In connection with their appointments as directors pursuant to the Agreements, Becker and Drapkin will receive the same compensation and reimbursement of expenses as are payable to the Company’s other non-employee directors.

The full text of the Becker Drapkin Agreement is attached as Exhibit 10.1 to this current report and is incorporated herein by reference. The full text of the Carlson Agreement is attached as Exhibit 10.2 to this current report and is incorporated herein by reference. The foregoing does not purport to be a complete summary of the Agreements and is qualified in its entirety by reference to Exhibits 10.1 and 10.2.

 

Item 5.02 Departure of Directors or Certain Officers; Election of Directors; Appointment of Certain Officers; Compensatory Arrangements of Certain Officers.

Becker and Drapkin were appointed to the Board, effective October 1, 2010, pursuant to the Agreements described in Item 1.01 of this current report.
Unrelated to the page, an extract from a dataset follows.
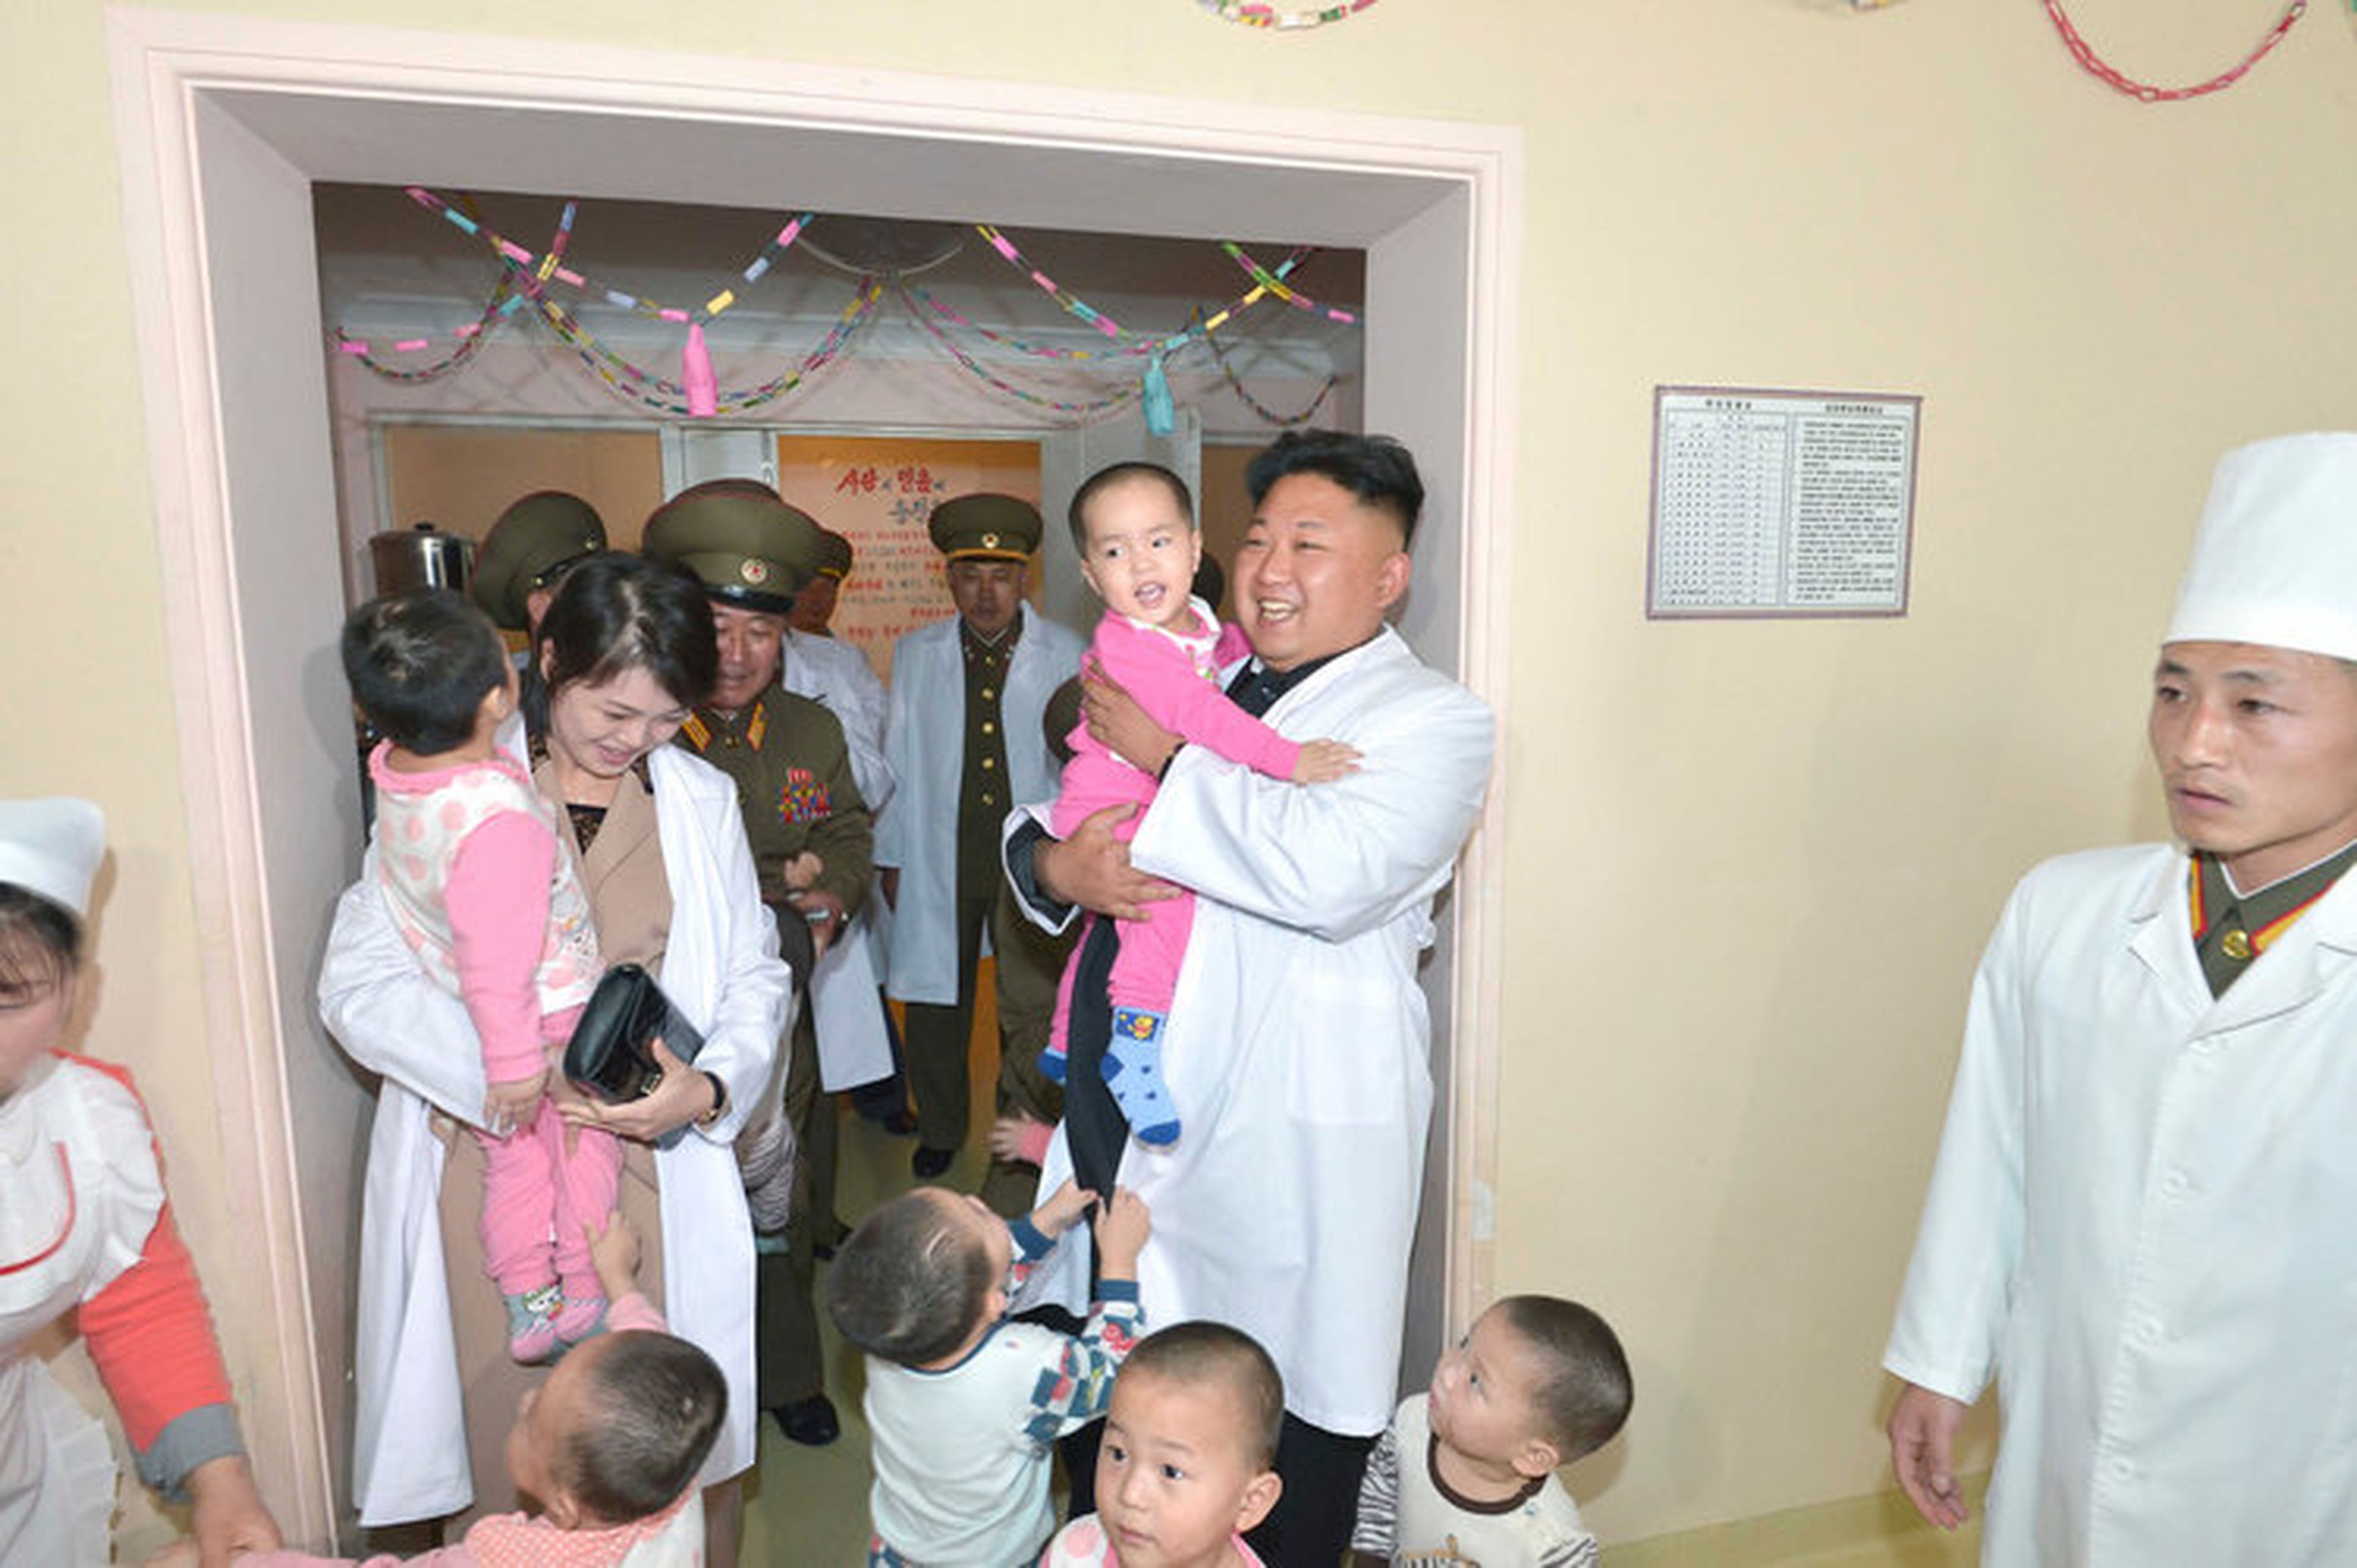 Kim y Ri juegan con niños durante una visita al hospital Taesongsan en Pyongyang en esta fotografía sin fecha publicada por la KCNA el 19 de mayo de 2014.

Commencing on the effective date of their appointments as directors, Becker will serve on the Compensation Committee of the Board and Drapkin will serve on the Governance and Nominating Committee of the Board.
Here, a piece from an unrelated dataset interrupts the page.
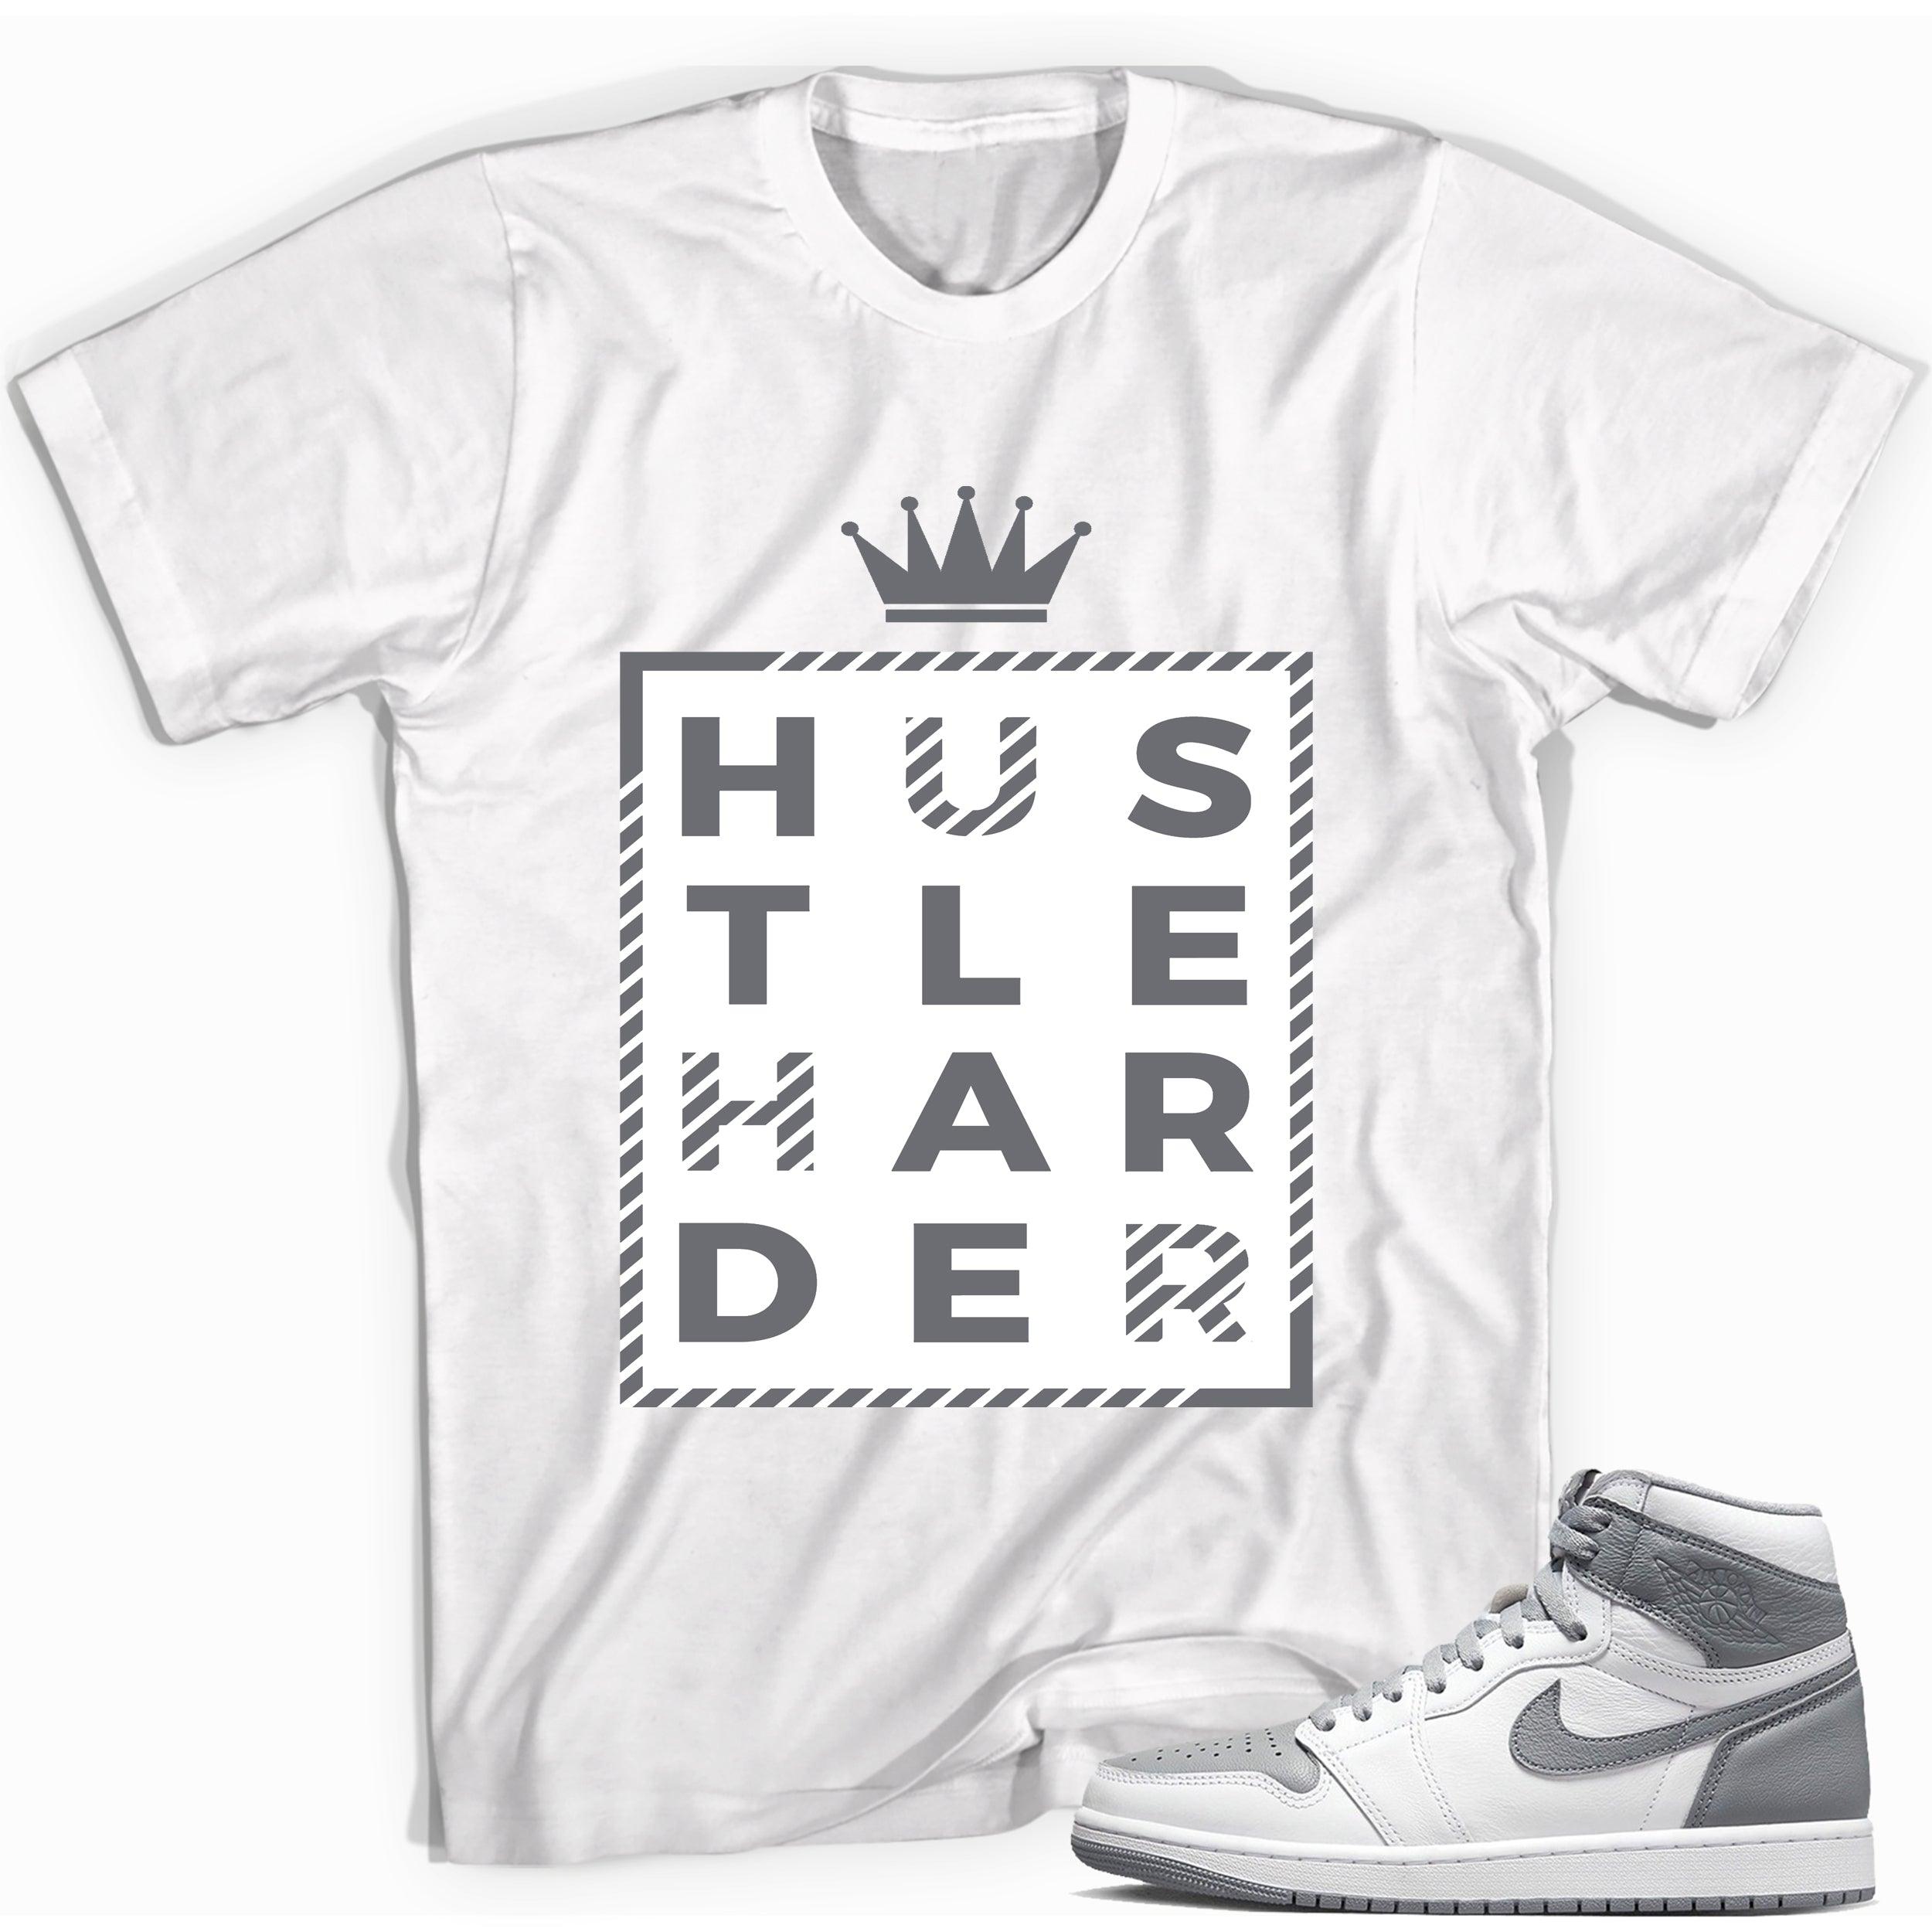 Hustle Harder Shirt for Jordan 1s photo

In accordance with the Company’s Director Compensation Policy for non-employee directors, upon the effective date of their appointments to the Board, each of Becker and Drapkin will automatically be granted an option to purchase 10,000 shares of the Company’s common stock pursuant to the Company’s Non-Employee Directors’ Stock Option Plan. The options will be non-statutory stock options with exercise prices equal to the fair market value of the Company’s common stock on the grant date. Each option will vest, as to 25% of the shares for which such option is exercisable, on October 1, 2011, and will vest quarterly in equal amounts thereafter such that the options will be 100% vested on October 1, 2014. The options expire 10 years after the date of grant.

Neither Becker nor Drapkin has been a participant in, or is to be a participant in, any related-person transaction or proposed related-person transaction required to be disclosed by Item 404(a) of Regulation S-K under the Exchange Act.
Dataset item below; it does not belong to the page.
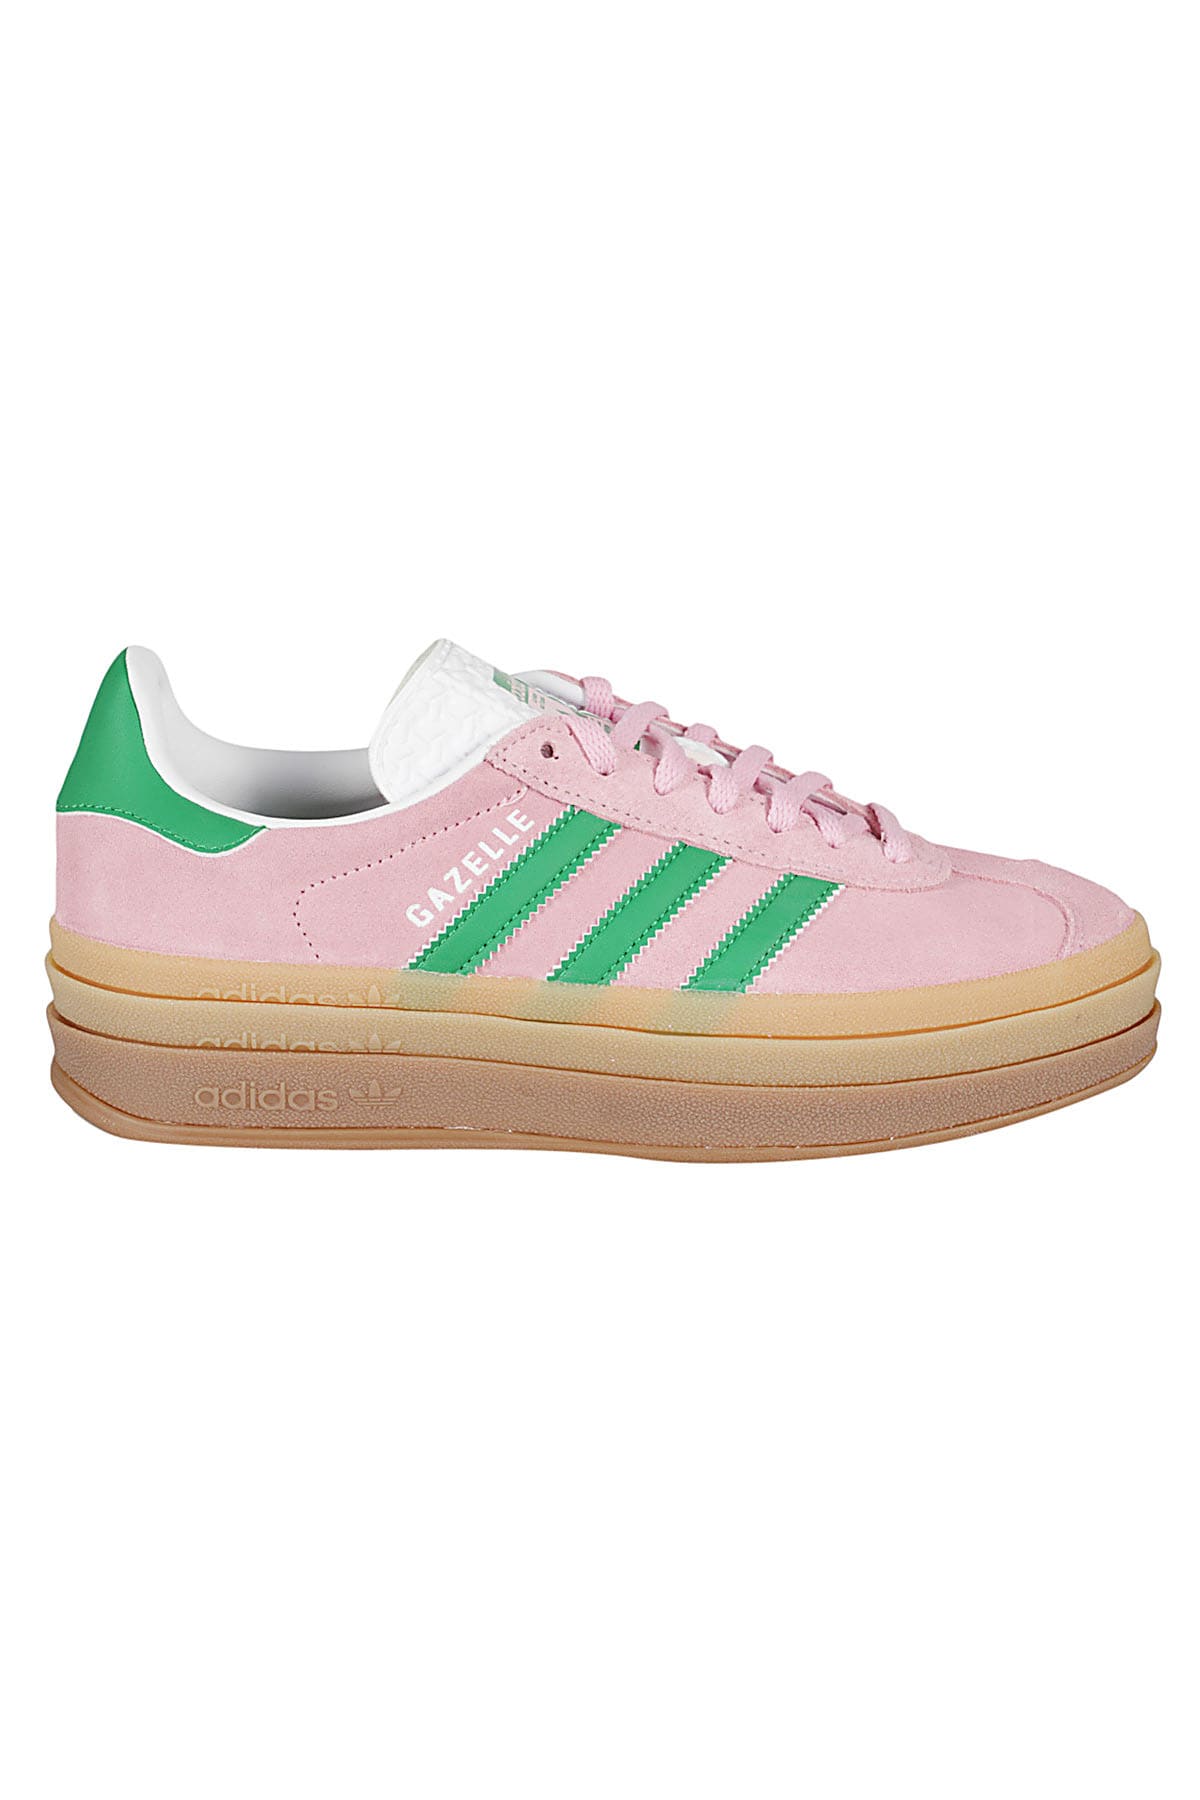 Adidas Originals Gazelle Bold W In Pink

Biographical information for Becker and Drapkin is included in the Company’s September 20, 2010 press release announcing Becker’s and Drapkin’s appointments to the Board, which is attached as Exhibit 99.1 to this current report and is incorporated herein by reference.


Item 9.01 Financial Statements and Exhibits.

 

(d) Exhibits.

 

Exhibit
No.

  

Description

10.1    Agreement, dated as of September 19, 2010, by and among Hot Topic, Inc., Steven R. Becker, Matthew A. Drapkin, Becker Drapkin Management, L.P., Becker Drapkin Partners (QP), L.P., Becker Drapkin Partners, L.P., BD Partners I, L.P. and BC Advisors, LLC
10.2    Agreement, dated as of September 19, 2010, by and among Hot Topic, Inc., Clint D. Carlson, Black Diamond Offshore Ltd., Double Black Diamond Offshore Ltd., Carlson Capital L.P. and Asgard Investment Corp.
99.1    Press Release dated September 20, 2010


SIGNATURE

Pursuant to the requirements of the Securities Exchange Act of 1934, the registrant has duly caused this report to be signed on its behalf by the undersigned hereunto duly authorized.

 

HOT TOPIC, INC.
By:  

/S/    JAMES MCGINTY        

  James McGinty
  Chief Financial Officer

Date: September 20, 2010


INDEX TO EXHIBITS

 

Exhibit
No.

  

Description

10.1    Agreement, dated as of September 19, 2010, by and among Hot Topic, Inc., Steven R. Becker, Matthew A. Drapkin, Becker Drapkin Management, L.P., Becker Drapkin Partners (QP), L.P., Becker Drapkin Partners, L.P., BD Partners I, L.P. and BC Advisors, LLC
10.2    Agreement, dated as of September 19, 2010, by and among Hot Topic, Inc., Clint D. Carlson, Black Diamond Offshore Ltd., Double Black Diamond Offshore Ltd., Carlson Capital L.P. and Asgard Investment Corp.